Review: ‘Bad Luck & Love’ Inspires the Collaboration Between Sarah Lee Langford and Will Stewart

Videos by American Songwriter

Videos by American Songwriter

Sarah Lee Langford and Will Stewart

Bad Luck & Love

(Cornelius Chapel Records)

3 out of 5 stars

In the spirit of “it takes two,” this debut for the duo of Sarah Lee Langford and Will Stewart is not their first recording. Rather, the Birmingham, Alabama couple has been releasing music on their own for a few years—interestingly on the same Cornelius Chapel imprint that houses this — until recently joining talents. The collaboration plays to their vocal and songwriting strengths, occasionally combining voices to fortify the songs which are, with a few exceptions, credited to each separately.

Langford’s trilling singing and Stewart’s darker tone, along with their country approach is similar to the musical blend of Emmylou Harris and Rodney Crowell, good company to be in. From Langford’s reverbed twang of “Gunpowder” featuring Ford Boswell’s ominous pedal steel to Stewart’s plaintive “Robby,” about a rodeo rider who has quit the business but has memories now with nowhere to go, these songs describe rugged, average folks trying to get by.

The melancholy, waltz-time title track (the album’s lone co-write) finds Langford trying to keep a loveless marriage alive for the kids with This house built on bad luck and love, so we’re hanging on. It’s a gloomy situation but one which, like many of these characters, calls for the protagonists to make sacrifices. A cover of John Prine’s “Aimless Love” gives Stewart a chance to aim for Prine’s matter-of-fact talk/singing style describing how a young man is looking for the titular romance.
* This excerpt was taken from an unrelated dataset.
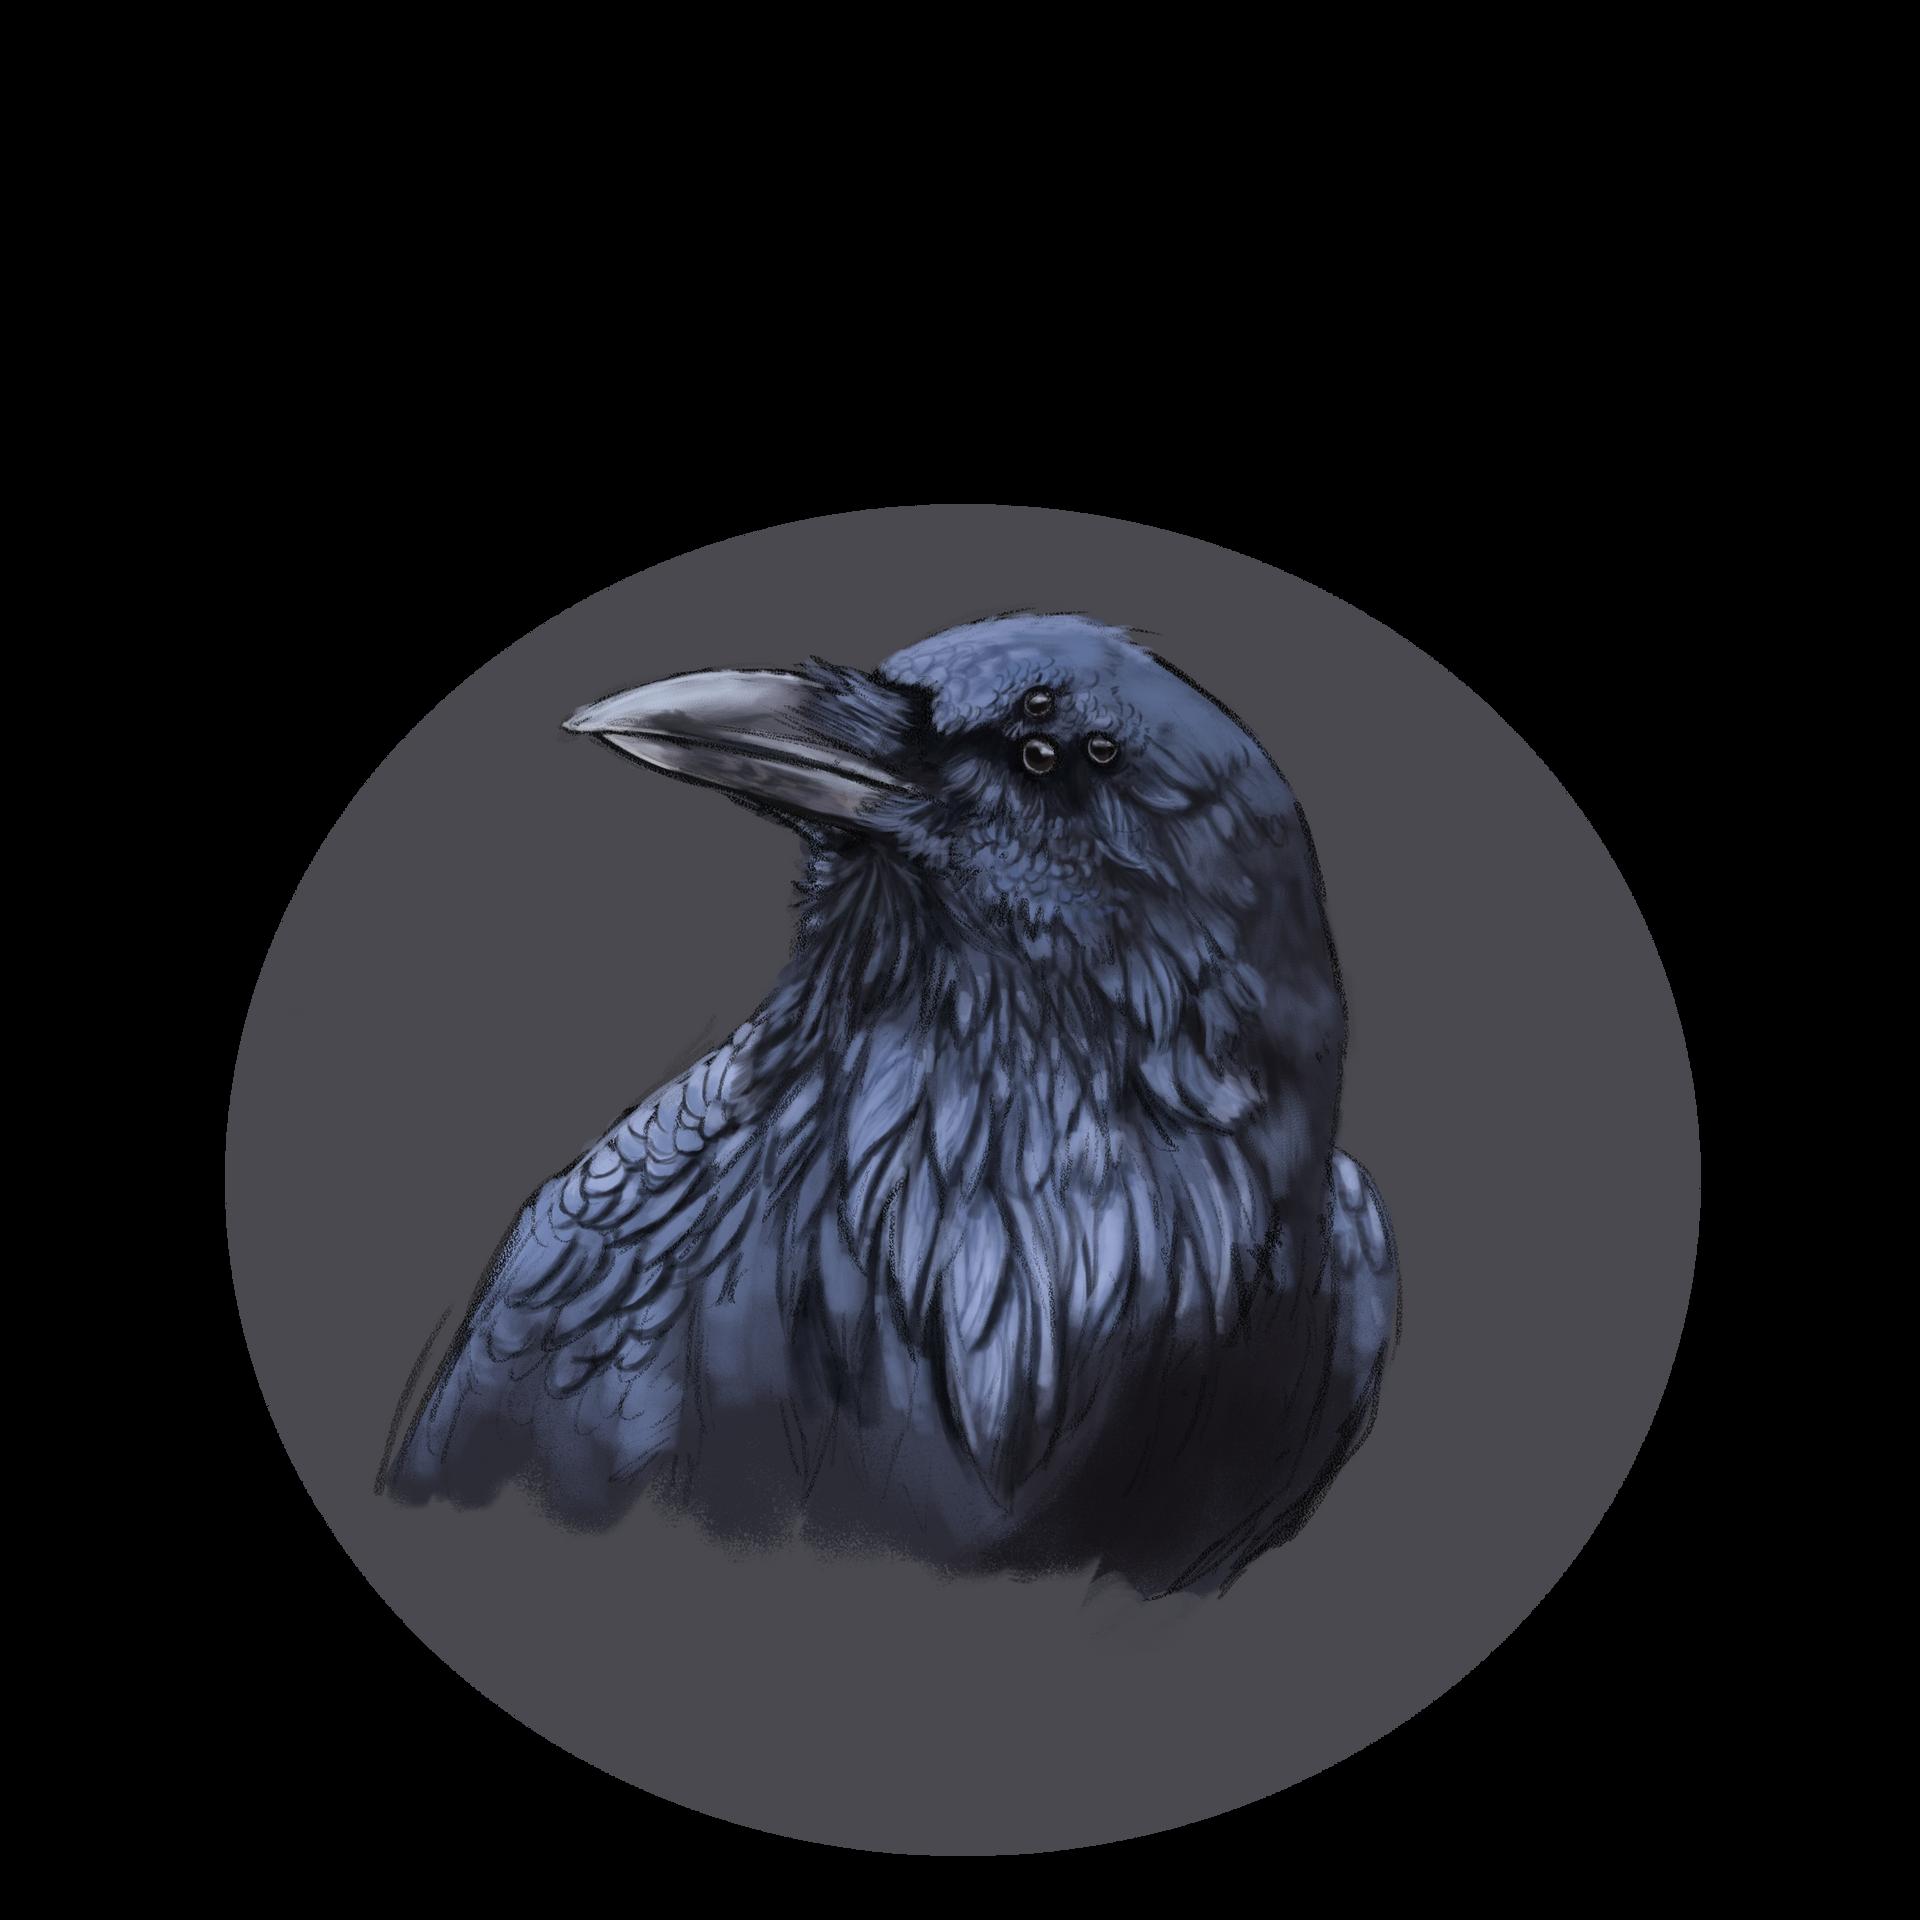 3 eyed raven

The twosome head into tougher Neil Young territory on Langford’s closing “False Alarm.” The disc’s longest track utilizes Young’s “Down by the River” lope for a story about a dissolving relationship singing with a mix of anger and frustration Well your memory it holds me down with what you won’t disarm/And look at you sleepwalking through the fire alarm.

The nine songs clock in at just over a half hour. It’s short and a bit frustrating since both participants are songwriters and could have written a few more contributions. Also, the times when both harmonize together are limited which, along with the writer’s penning the material mostly individually, makes this seem a little less like a full collaboration.